The CCJ three years on
RICKEY SINGH, Observer Caribbean correspondent
RICKEY SINGH, Observer Caribbean correspondent
Wednesday, April 16, 2008
TODAY marks the third anniversary of the Caribbean Court of Justice (CCJ) that was ceremonially inaugurated in Trinidad and Tobago with an inter-faith service on April 16, 2005 to usher in a historic moment for the development of a Caribbean jurisprudence.
It was established to function both as a final appellate institution and with an original jurisdiction for resolution of trade disputes arising from interpretation of the revised Caricom Treaty.
Three years after its inauguration with headquarters in Port of Spain, the CCJ remains the final appeal court of just its first two member states - Guyana and Barbados. It has delivered judgments in a dozen cases between October 2005 and March 2008.
All other partner states of the English-speaking Caribbean, including its home base, Trinidad and Tobago, continue to access the Privy Council in London, consistent with an age-old colonial tradition and with no movement on the political horizon for a change in its membership status quo in the immediate future.
The Barbados-based Caribbean Development Bank (CDB) has, to its list of credits, the successful mobilisation of US$100 million on the international money market for the financing of the CCJ with a carefully crafted repayment scheme by governments of the participating member states.
While all member countries pay their contributions for the operational budget of the CCJ - estimated at approximately US$4.05 million in 2006 - only Barbados and Guyana can rightly access it as their court of last resort, plus its jurisdiction on trade disputes.
The explanation often offered by Caricom governments yet to sever links with the Privy Council is that they may first have to go the route of a national referendum. But constitutional experts have pointed out that while in Jamaica both dominant political parties have, as of last year, now committed themselves to the referendum course to determine replacement of the Privy Council with the CCJ, at least four Eastern Caribbean countries do not necessarily have to do so.

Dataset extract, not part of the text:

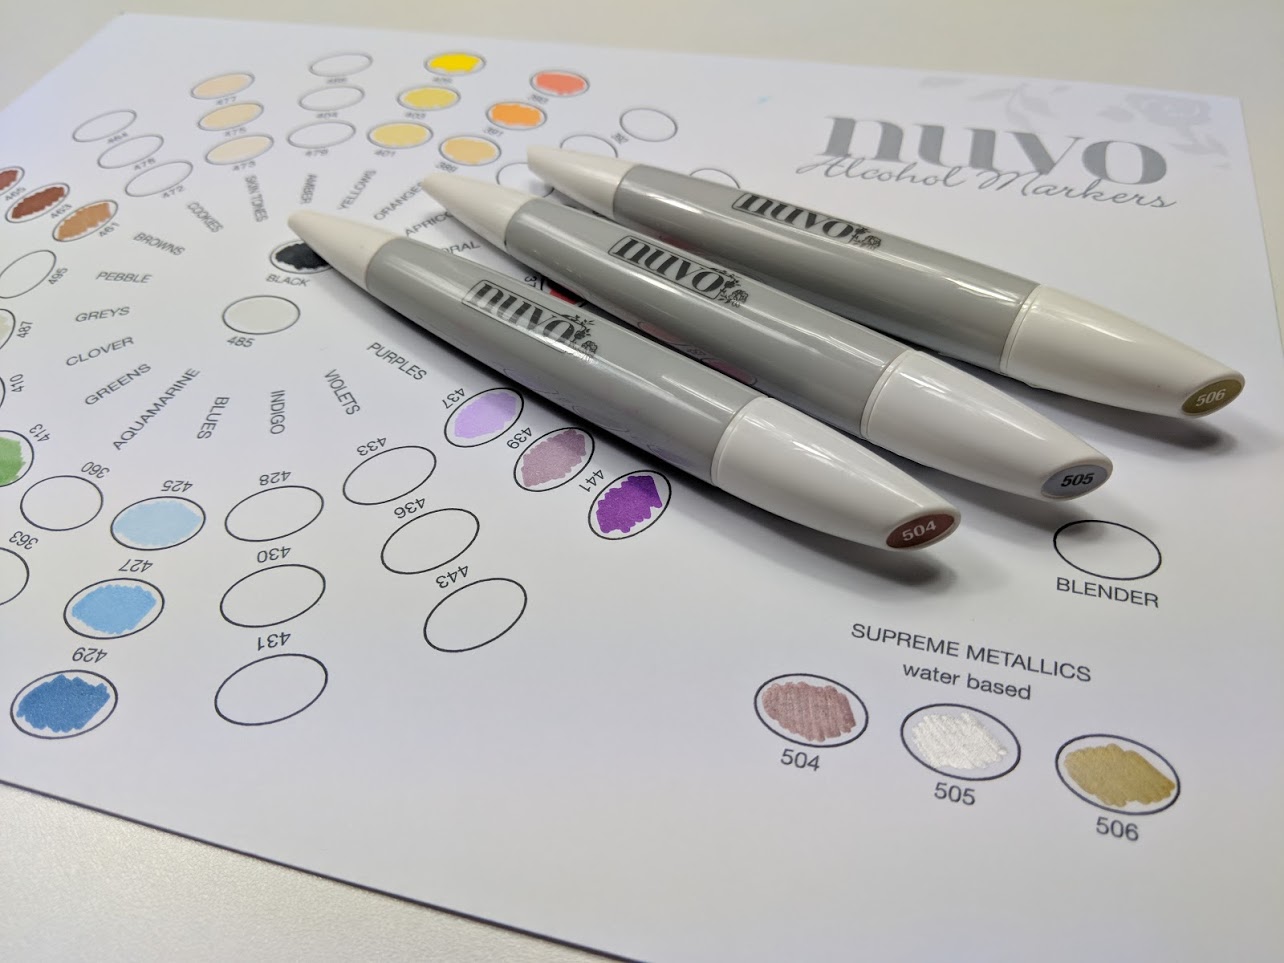 Nuvo Alcohol Markers Color Chart

These four, all in the OECS sub-region - St Vincent and the Grenadines, St Lucia, St Kitts and Nevis, and Dominica - have the option to negotiate support for a two-thirds parliamentary majority to access the CCJ as their final appellate court, rather than resorting to a two-track approach to obtain both the required parliamentary majority and going for a national referendum.
None of this quartet of countries has attempted, under different administrations, to educate the public in favour of replacing the Privy Council with the CCJ. Instead, there continues to be the curious scenario of opposition parties often on the offensive to retain the Privy Council, particularly when they disagree with judgements of their own courts.
Focus on Jamaica
On the other hand, governing parties justify the existence of the CCJ, but without pursuing any significant initiative to move the process towards terminating access to the Privy Council and allowing unchallenged claims of their domestic political opponents.

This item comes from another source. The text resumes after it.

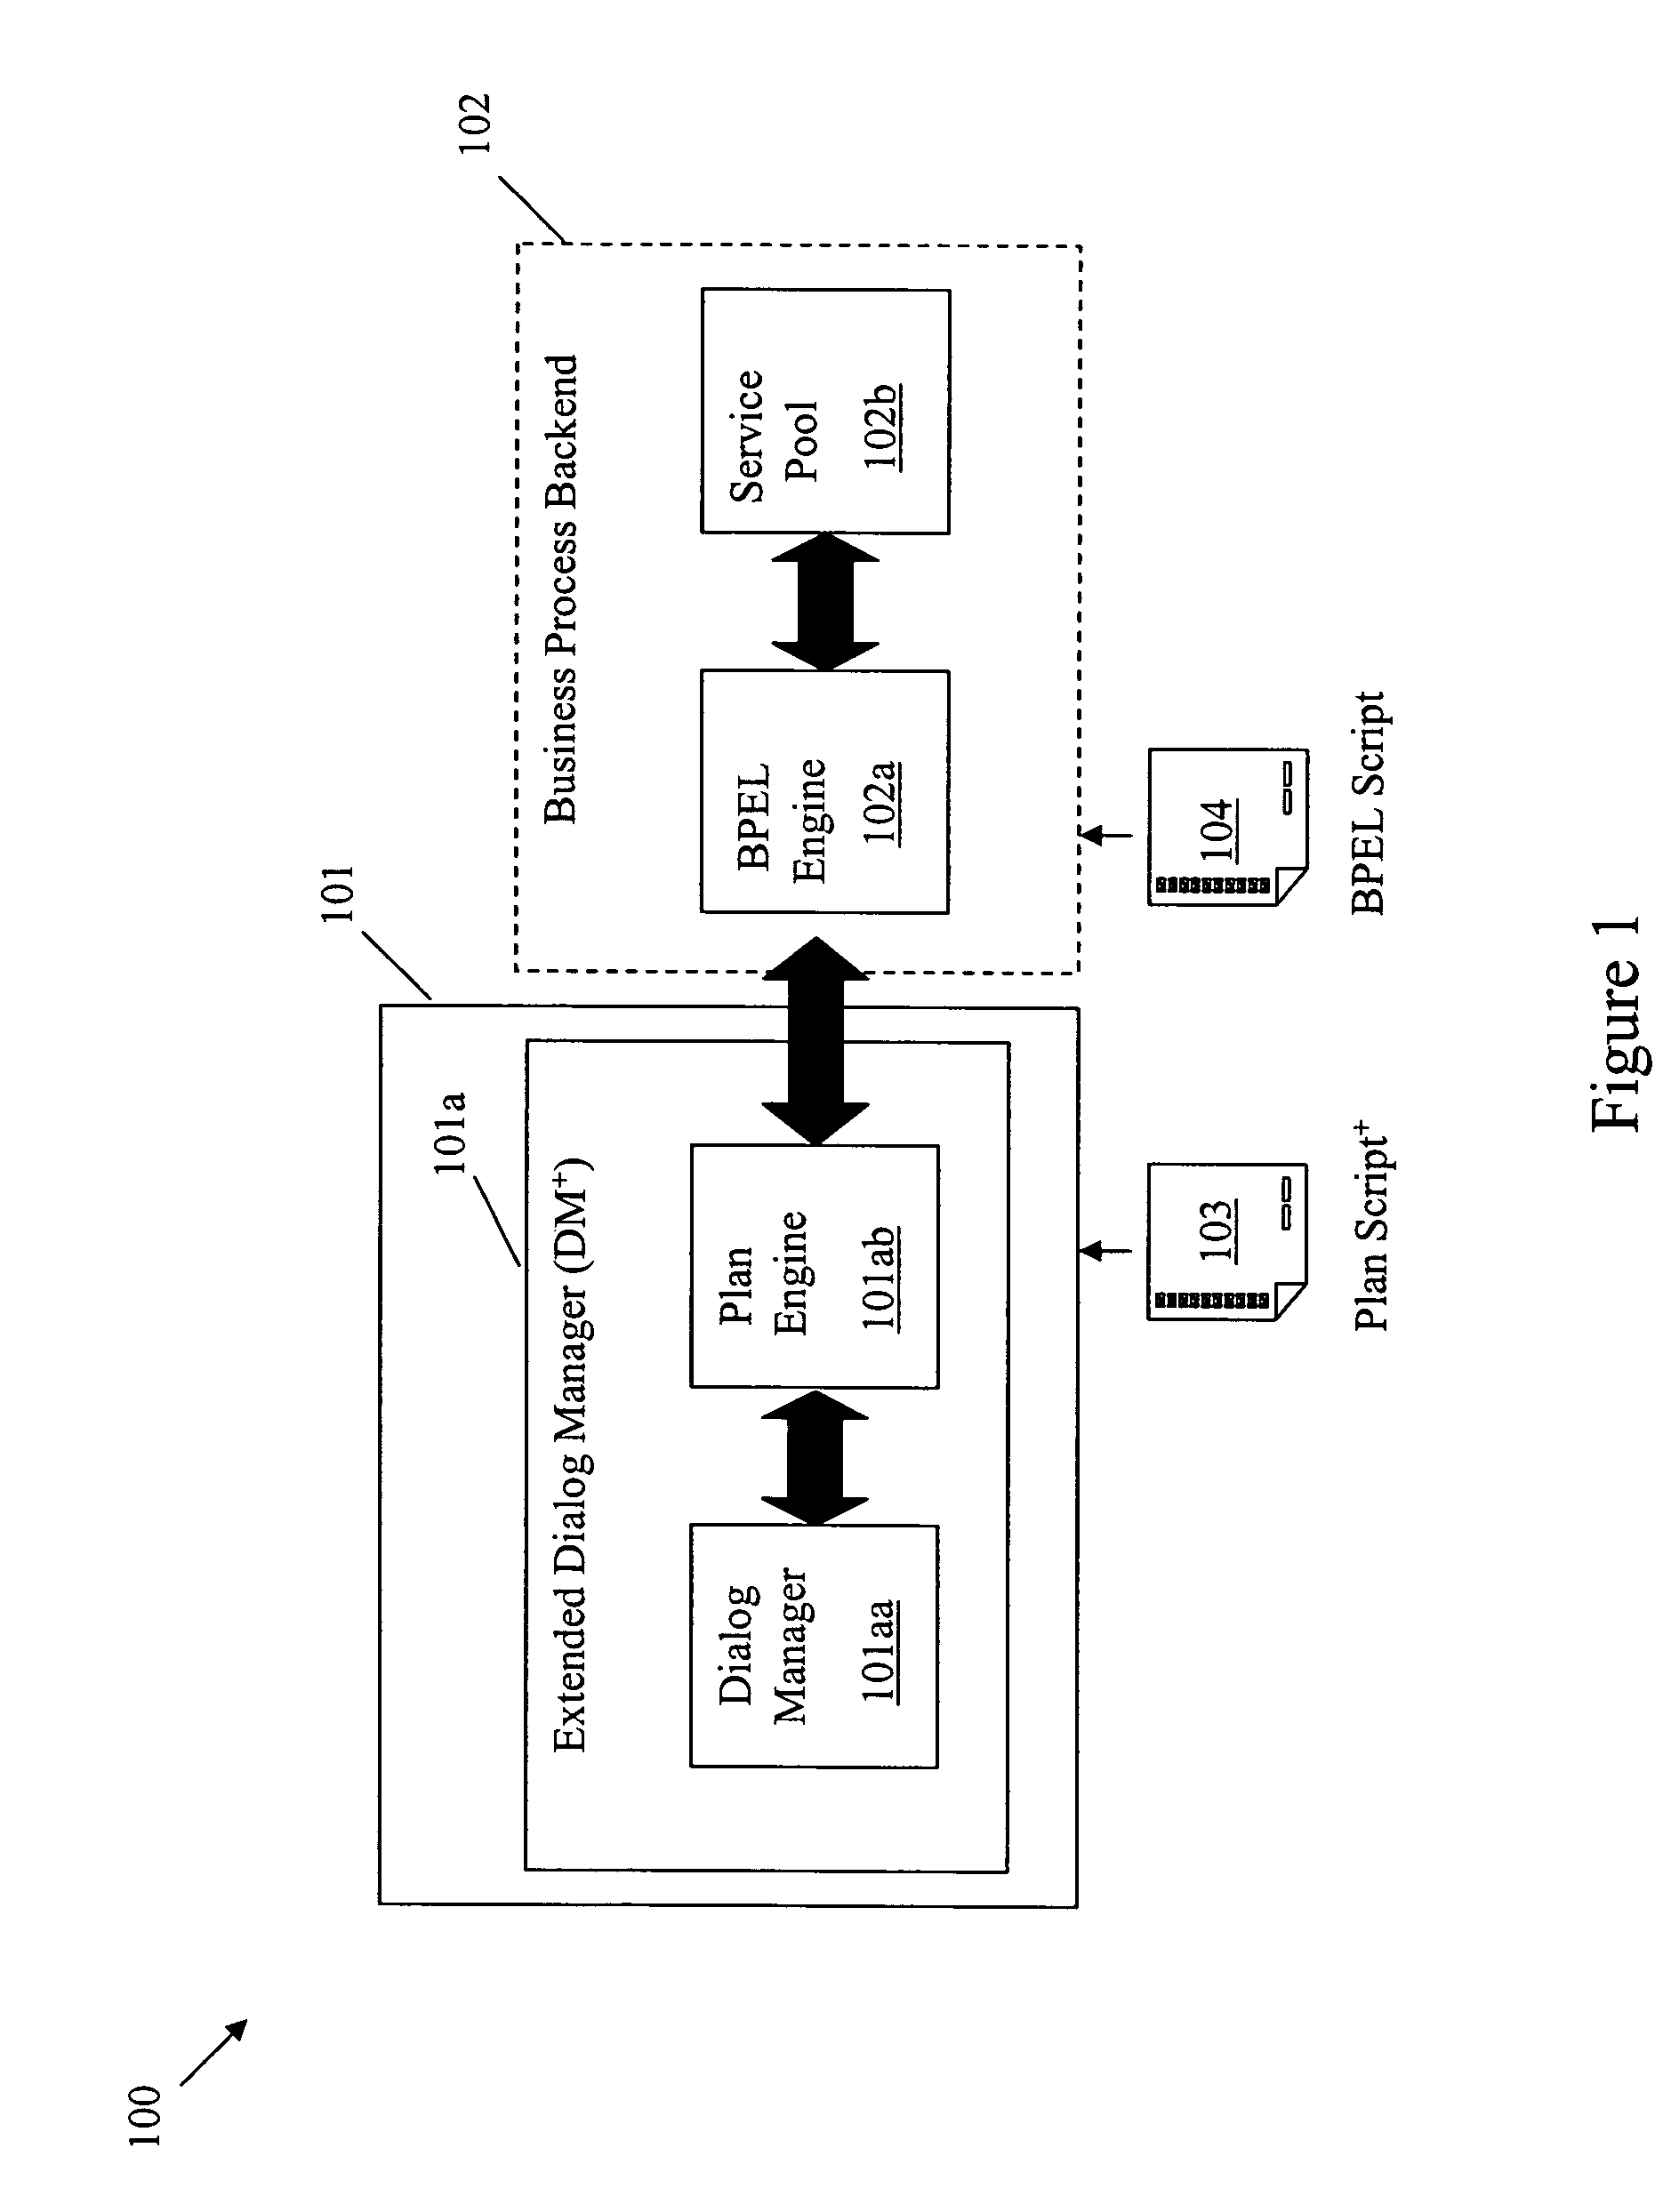 Method and system for extending dialog systems to process complex activities for applications

Latest criticisms levelled at the CCJ in Trinidad and Tobago - where passionate debates often take place about the independence and integrity of the local judiciary - came last week from United National Congress parliamentarian, Senator Wade Mark.
Not only did he engage in a verbal assault against the Patrick Manning administration for, as he claimed, being part of the regional governments "wasting" some TT$400 million (US$66.4 million) annually on the CCJ, but thought it necessary to introduce the race factor with his questioning of any West Indian of Indian descent being among the appointed judges.
In plural Caricom societies like Trinidad and Tobago and Guyana, the race factor in high-profile appointments, including the judiciary, has long been a sensitive issue.It is troubling that Senator Mark should raise, at this stage, the race factor when seven distinguished legal luminaries comprise the judges of the court (two more are yet to be appointed), when making his criticisms against poor fiscal management by the Manning administration.
Incidentally, the senator is way off mark in speaking of wastage of $400 million when the total recurrent and capital budget for the CCJ in 2006, as audited, was US$7.2 million (including US$2.7 million in capital expenditure).
At present, ironically, and strange as it may seem to some, hope is being encouraged on Jamaica moving towards the promised referendum on the CCJ as its court of last resort.
The feeling is that once it takes place, the outcome will be positive in favour of terminating access to the Privy Council. Such a development could well inspire other Caricom states to cease being negative about the CCJ and broaden access.